[[ Source data open ]]
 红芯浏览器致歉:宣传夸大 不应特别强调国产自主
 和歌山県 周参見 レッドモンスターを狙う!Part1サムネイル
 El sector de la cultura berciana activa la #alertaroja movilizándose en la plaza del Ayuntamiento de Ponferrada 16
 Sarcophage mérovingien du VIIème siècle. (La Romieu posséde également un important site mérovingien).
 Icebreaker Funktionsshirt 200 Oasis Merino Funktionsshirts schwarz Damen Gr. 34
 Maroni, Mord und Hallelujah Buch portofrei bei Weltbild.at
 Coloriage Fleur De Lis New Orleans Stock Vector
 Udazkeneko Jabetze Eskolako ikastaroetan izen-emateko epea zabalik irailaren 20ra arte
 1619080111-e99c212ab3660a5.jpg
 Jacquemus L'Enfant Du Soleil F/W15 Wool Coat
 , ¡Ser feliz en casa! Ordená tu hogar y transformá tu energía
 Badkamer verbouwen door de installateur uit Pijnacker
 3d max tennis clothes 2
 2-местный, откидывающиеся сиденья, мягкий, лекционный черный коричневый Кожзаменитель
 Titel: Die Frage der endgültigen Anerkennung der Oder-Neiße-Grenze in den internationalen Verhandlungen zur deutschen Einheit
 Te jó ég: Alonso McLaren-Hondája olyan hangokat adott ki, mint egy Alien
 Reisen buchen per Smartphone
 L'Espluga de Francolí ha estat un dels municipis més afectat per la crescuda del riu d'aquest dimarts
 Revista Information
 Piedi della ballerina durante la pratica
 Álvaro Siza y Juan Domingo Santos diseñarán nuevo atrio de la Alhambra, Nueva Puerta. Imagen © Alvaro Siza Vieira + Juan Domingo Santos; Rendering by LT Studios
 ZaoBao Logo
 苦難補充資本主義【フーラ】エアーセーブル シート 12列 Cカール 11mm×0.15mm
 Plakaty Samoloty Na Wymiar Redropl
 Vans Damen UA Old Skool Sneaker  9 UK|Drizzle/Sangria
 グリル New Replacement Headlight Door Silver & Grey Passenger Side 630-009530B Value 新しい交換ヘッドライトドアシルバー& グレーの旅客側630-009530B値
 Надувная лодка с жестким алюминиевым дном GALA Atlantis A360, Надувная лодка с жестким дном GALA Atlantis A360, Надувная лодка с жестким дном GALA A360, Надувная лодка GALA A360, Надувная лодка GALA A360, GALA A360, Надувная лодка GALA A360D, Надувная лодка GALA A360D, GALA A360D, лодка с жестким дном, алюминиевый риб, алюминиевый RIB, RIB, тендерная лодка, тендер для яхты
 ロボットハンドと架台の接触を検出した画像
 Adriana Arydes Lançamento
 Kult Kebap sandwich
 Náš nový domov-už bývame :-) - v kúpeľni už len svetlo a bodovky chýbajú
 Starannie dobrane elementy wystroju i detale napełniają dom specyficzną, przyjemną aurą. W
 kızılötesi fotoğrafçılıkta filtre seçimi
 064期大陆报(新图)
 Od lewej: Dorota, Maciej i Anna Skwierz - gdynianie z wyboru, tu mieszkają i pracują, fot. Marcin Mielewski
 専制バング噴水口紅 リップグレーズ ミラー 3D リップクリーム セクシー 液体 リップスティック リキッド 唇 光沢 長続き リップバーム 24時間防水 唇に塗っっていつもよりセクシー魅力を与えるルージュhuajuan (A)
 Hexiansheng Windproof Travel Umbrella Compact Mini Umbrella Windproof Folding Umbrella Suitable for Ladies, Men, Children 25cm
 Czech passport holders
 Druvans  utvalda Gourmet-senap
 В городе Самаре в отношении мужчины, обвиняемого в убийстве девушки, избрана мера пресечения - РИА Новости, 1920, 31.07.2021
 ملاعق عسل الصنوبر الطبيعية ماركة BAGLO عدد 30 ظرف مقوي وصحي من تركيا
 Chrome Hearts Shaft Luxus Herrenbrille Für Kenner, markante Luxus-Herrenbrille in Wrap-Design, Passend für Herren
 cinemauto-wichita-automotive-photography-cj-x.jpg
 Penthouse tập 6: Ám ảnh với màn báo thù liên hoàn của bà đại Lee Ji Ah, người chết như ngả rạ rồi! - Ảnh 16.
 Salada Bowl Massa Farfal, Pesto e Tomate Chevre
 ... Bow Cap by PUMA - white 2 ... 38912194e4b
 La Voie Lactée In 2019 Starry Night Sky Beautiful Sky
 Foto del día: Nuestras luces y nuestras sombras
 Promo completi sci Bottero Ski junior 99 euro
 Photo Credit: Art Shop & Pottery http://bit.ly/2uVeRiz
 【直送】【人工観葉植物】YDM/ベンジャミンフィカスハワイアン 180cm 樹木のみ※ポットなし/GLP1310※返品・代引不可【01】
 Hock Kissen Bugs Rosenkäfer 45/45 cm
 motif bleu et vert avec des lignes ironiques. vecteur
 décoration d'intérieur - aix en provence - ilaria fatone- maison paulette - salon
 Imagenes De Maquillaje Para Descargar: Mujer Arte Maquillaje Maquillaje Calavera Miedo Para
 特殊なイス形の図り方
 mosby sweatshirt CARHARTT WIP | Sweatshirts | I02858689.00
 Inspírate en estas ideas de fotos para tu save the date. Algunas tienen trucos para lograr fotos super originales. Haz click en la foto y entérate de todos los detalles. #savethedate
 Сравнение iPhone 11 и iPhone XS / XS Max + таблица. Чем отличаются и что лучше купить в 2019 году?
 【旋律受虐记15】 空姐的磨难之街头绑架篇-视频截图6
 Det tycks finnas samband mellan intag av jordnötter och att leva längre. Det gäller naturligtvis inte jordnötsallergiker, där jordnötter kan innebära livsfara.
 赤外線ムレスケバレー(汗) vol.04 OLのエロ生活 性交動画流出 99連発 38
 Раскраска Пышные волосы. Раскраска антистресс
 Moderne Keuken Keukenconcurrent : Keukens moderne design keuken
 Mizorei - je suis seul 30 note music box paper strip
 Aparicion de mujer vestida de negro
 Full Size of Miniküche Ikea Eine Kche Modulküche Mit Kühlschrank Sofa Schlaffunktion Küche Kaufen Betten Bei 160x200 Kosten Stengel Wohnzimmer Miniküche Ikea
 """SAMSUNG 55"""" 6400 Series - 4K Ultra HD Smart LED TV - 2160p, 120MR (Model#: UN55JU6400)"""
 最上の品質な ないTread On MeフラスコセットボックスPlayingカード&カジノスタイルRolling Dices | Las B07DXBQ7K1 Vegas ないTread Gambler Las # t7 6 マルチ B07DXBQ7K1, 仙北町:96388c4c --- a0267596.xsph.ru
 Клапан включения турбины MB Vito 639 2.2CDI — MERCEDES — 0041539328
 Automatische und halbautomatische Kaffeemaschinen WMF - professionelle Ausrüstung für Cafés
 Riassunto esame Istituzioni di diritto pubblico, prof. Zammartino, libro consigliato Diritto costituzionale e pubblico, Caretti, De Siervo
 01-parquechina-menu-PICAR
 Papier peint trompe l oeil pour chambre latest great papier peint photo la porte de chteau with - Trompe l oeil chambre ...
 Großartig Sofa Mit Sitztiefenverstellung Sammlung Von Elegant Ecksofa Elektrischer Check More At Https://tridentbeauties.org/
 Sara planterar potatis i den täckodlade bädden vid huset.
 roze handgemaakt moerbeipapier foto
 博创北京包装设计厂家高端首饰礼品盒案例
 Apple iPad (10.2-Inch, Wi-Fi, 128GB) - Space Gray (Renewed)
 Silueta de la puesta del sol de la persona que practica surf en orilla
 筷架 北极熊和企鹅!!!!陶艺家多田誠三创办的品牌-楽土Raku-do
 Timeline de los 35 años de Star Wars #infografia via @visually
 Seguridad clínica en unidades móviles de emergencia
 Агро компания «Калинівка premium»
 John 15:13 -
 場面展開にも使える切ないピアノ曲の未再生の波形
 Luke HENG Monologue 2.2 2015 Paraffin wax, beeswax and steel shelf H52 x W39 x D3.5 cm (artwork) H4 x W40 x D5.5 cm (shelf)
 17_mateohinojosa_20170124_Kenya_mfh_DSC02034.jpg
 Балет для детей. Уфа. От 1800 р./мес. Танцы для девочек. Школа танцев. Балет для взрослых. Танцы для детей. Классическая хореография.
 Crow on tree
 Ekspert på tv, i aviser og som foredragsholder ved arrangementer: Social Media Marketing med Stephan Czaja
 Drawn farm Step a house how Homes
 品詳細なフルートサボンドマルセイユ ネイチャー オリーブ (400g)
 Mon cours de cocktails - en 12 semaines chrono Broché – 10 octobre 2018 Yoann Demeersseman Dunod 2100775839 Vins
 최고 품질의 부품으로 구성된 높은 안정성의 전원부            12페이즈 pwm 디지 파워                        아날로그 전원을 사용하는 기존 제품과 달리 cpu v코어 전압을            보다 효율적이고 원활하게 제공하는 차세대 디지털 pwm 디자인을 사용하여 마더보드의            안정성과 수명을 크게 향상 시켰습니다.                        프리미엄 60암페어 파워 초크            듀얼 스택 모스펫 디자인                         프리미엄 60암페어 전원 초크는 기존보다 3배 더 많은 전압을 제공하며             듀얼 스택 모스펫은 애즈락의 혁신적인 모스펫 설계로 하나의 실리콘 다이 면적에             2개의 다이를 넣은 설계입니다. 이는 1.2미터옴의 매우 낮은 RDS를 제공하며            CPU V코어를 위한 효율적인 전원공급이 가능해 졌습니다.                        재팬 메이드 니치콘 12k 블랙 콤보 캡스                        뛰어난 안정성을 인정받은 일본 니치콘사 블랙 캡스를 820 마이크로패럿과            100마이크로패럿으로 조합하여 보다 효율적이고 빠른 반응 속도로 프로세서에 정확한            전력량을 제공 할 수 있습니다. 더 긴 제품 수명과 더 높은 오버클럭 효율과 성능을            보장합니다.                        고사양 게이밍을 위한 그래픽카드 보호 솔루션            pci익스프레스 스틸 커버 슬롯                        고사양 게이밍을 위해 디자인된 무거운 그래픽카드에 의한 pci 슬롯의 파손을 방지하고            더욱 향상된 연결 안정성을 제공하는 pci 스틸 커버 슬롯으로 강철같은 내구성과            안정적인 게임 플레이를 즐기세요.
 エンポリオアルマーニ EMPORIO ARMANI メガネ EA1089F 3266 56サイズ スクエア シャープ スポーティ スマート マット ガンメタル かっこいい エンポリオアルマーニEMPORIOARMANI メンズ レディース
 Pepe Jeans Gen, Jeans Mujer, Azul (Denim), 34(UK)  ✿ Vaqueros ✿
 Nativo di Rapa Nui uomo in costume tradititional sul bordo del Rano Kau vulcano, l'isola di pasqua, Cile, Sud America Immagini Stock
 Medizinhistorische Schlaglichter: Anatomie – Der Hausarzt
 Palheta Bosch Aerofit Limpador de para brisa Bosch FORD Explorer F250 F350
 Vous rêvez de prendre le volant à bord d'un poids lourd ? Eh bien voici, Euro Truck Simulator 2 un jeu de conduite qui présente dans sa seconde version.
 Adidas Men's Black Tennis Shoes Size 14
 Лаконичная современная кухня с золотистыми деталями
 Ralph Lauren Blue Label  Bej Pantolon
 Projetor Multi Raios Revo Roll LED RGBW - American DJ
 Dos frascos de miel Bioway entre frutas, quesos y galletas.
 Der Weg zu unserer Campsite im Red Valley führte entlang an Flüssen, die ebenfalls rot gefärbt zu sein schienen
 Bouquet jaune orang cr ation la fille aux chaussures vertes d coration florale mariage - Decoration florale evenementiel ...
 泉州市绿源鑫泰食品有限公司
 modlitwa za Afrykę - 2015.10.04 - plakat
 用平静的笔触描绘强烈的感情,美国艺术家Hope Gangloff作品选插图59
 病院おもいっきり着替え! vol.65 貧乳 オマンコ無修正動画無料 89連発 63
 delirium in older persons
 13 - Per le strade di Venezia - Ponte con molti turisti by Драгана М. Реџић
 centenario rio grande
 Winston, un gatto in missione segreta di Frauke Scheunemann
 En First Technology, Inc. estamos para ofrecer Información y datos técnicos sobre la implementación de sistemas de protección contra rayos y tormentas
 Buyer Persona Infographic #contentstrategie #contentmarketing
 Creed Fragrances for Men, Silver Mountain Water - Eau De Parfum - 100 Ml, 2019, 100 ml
[[ Source data closed ]]
Assignment:
Everything starting at the line containing "赤外線ムレスケバレー(汗) vol.04 OLのエロ生活 性交動画流出 99連発 38" and ending at the line containing "01-parquechina-menu-PICAR" in the records above should be repeated exactly, and only that.

Answer to the exercise:
 赤外線ムレスケバレー(汗) vol.04 OLのエロ生活 性交動画流出 99連発 38
 Раскраска Пышные волосы. Раскраска антистресс
 Moderne Keuken Keukenconcurrent : Keukens moderne design keuken
 Mizorei - je suis seul 30 note music box paper strip
 Aparicion de mujer vestida de negro
 Full Size of Miniküche Ikea Eine Kche Modulküche Mit Kühlschrank Sofa Schlaffunktion Küche Kaufen Betten Bei 160x200 Kosten Stengel Wohnzimmer Miniküche Ikea
 """SAMSUNG 55"""" 6400 Series - 4K Ultra HD Smart LED TV - 2160p, 120MR (Model#: UN55JU6400)"""
 最上の品質な ないTread On MeフラスコセットボックスPlayingカード&カジノスタイルRolling Dices | Las B07DXBQ7K1 Vegas ないTread Gambler Las # t7 6 マルチ B07DXBQ7K1, 仙北町:96388c4c --- a0267596.xsph.ru
 Клапан включения турбины MB Vito 639 2.2CDI — MERCEDES — 0041539328
 Automatische und halbautomatische Kaffeemaschinen WMF - professionelle Ausrüstung für Cafés
 Riassunto esame Istituzioni di diritto pubblico, prof. Zammartino, libro consigliato Diritto costituzionale e pubblico, Caretti, De Siervo
 01-parquechina-menu-PICAR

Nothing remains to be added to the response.